What is the current Nigeria Air Freight market size?

The market is valued at roughly USD 8.18 billion in 2025, with steady growth anticipated through 2030.

Which segment is growing fastest in the Nigeria Air Freight industry?

Pharmaceuticals and healthcare show the highest projected CAGR because of expanding cold-chain infrastructure and rising healthcare demand.

Why is domestic air cargo growing faster than international cargo?

E-commerce expansion, improved regional airports, and dedicated corridors for perishables are accelerating internal flows, boosting domestic CAGR above international lanes.
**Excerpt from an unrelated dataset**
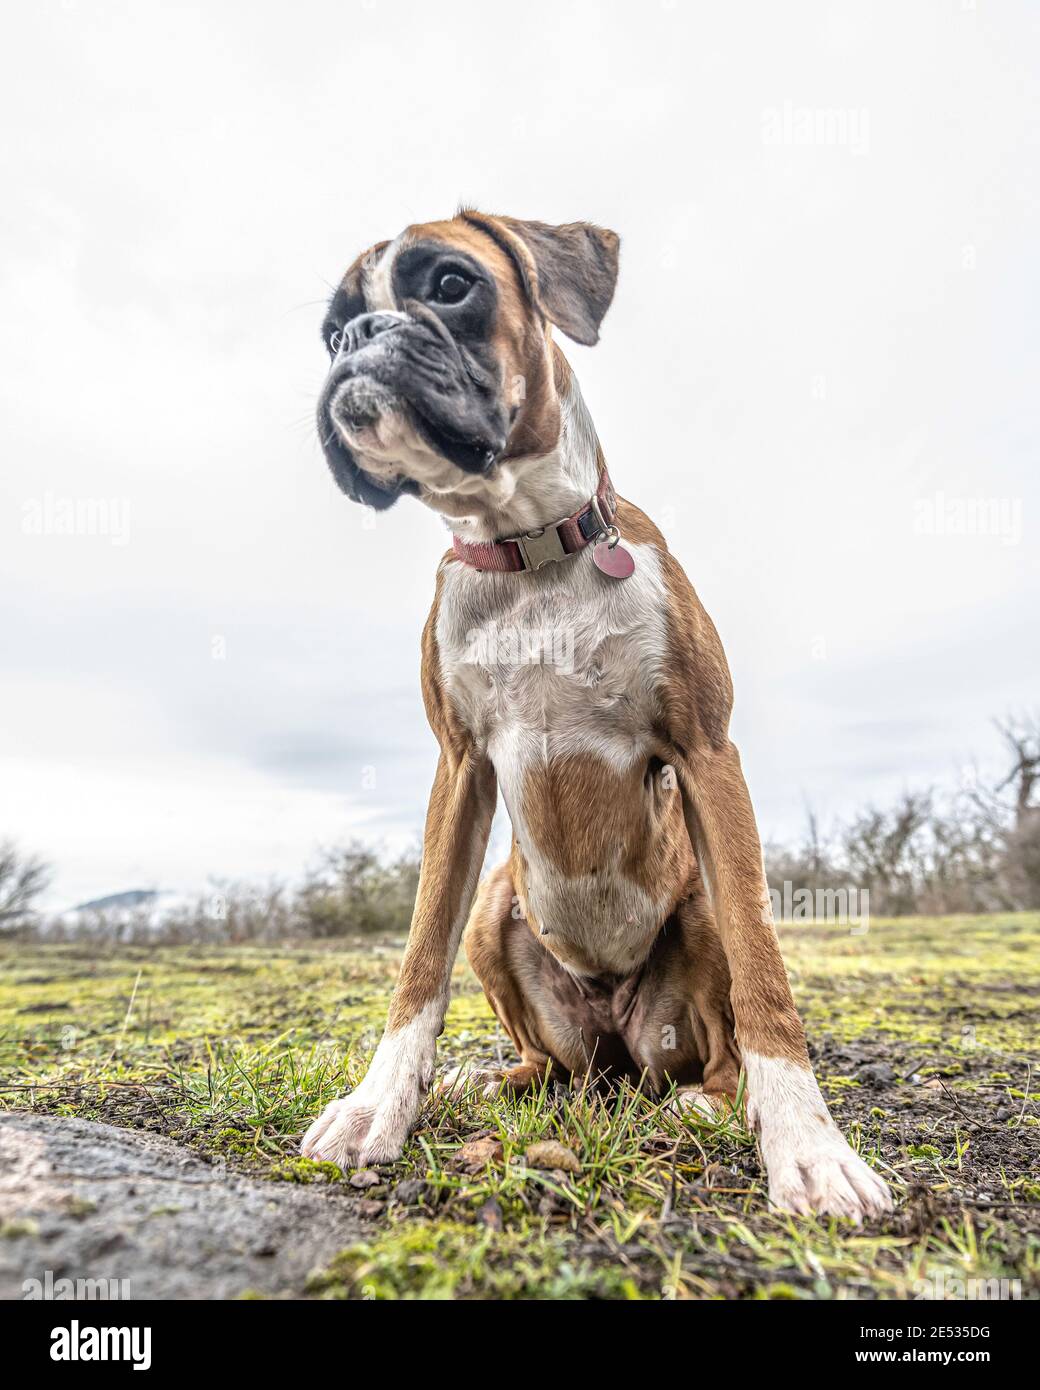 Lustiges Gesicht 9 Monate alt reinrassig golden Welpen deutsche Boxer Hund  Nahaufnahme Stockfotografie - Alamy
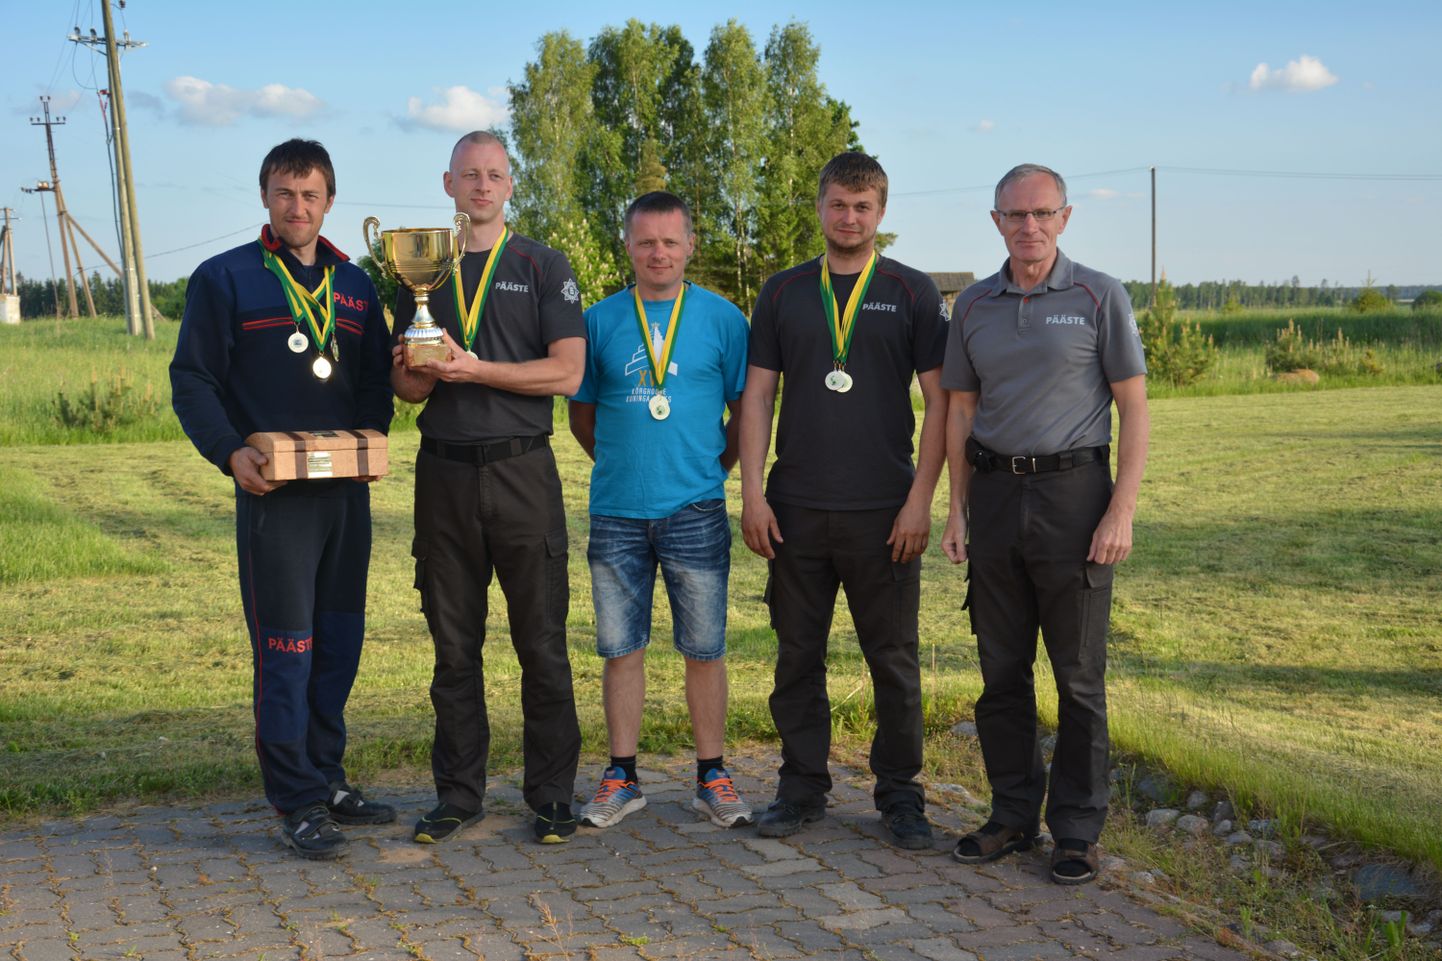 Viljandimaa võidukasse võistkonda kuulusid Viljar Kütt, Kevo Kärp, Tõnu Mardla ja Tõnis Unt. Võistkonna esindaja oli Jüri Soovik.

How are fuel price fluctuations affecting air-freight operators in Nigeria?

Jet-A1 volatility raises operating costs and drives frequent surcharge adjustments, pushing airlines to seek more fuel-efficient fleets and alternate refuelling points.

Which airports are emerging as alternatives to Lagos for cargo traffic?

Upgraded facilities in Abuja, Maiduguri, and Kano are attracting pharmaceuticals, humanitarian aid, and regional trade consignments, gradually easing pressure on Lagos.

How is digital customs reform influencing the market?

The National Single Window system reduces paperwork and clearance lead times, making air freight more attractive for importers and exporters who value speed.